The exact penalties imposed for DWUI in Wyoming vary. Many factors cause these differences. They include such things as these.
- Driver’s age.
- Type of license.
- Estimated BAC.
- The impairing substance(s)
- Any prior DUIs.
- Results of the DUI, if any (property damage, injuries, etc.)
- Any minors in the vehicle.
- Skill of driver’s lawyer.
- Characteristics of driver (demeanor in court, race, social and economic status, etc.)
- Beliefs and personality of judge hearing the case. That’s just the luck of the draw.
Some penalties are mandated, others are within ranges, and others are purely up to the judge.
Ignition Interlock Device
One penalty sometimes used is requiring the use of an ignition interlock device (IID). The device includes an alcohol breath tester. It prevents a vehicle’s engine from starting if alcohol is on the driver’s breath. Offenders must pay the high expense of having the IID installed, maintained, and monitored. Learn more about ignition interlock devices.
Driver Age 21 or Older
Second DWUI within Ten Years
- Jail for seven days up to six months.
- License suspension for one year.
- Fine from $200 to $750.
- IID required for at least one year.
Third DWUI within Ten Years
Fourth DWUI within Ten Years
- Jail up to two years.
- License revoked for three years.
- Fine up to $10,000.
- IID required for life. (May appeal after five years.)
Driver Under Age 21
License suspension for 90 days.
Second DWUI within two years
License suspension for six months.
III. The Costs
Getting charged with an DWUI in Wyoming is expensive. And this is true even if you’re innocent. Of course, it’s even more expensive if a judge or jury convicts you.

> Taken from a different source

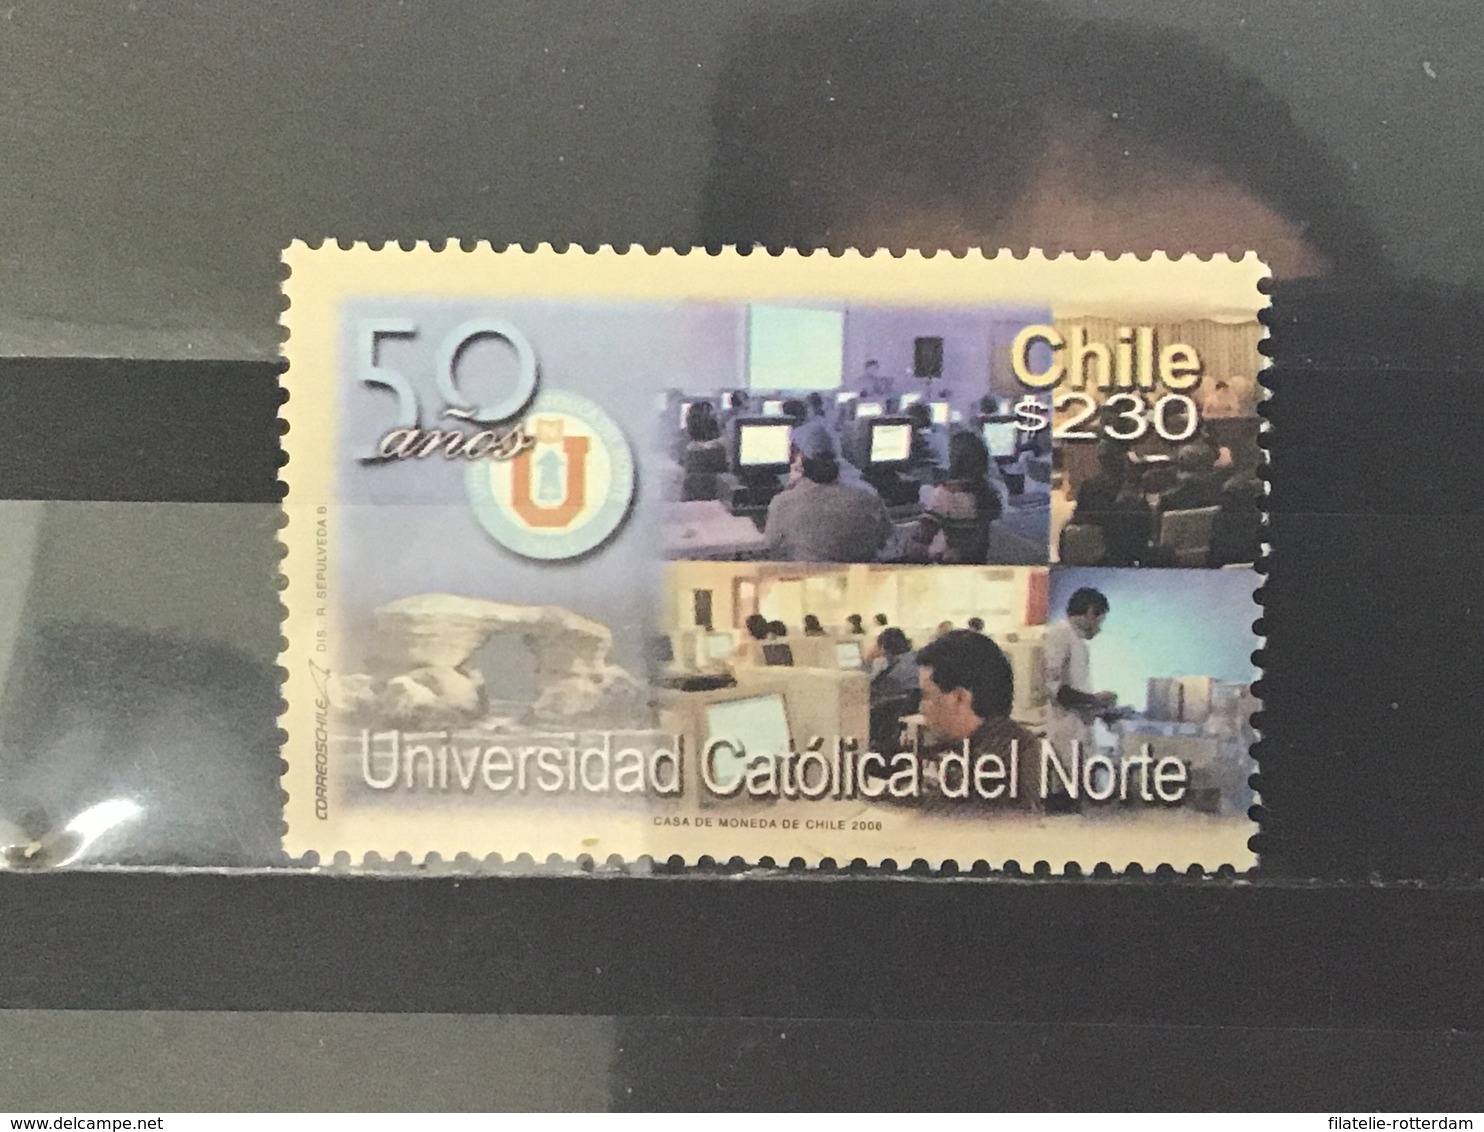 Chili / Chile - 50 Jaar Universiteit (230) 2006 - Chili

The cost of a legal DWUI defense is very hard to estimate. That’s because the complexity of cases varies widely. And more complex cases take more of a lawyer’s time. That means more money.
It’s wise to select a lawyer who specializes in DUI defense. The knowledge and experience of such a lawyer is important. In fact, such a lawyer may take less time.
Its obvious that simply asking lawyers how much they charge per hour isn’t helpful. It’s like asking a house builder how much it costs to build a house.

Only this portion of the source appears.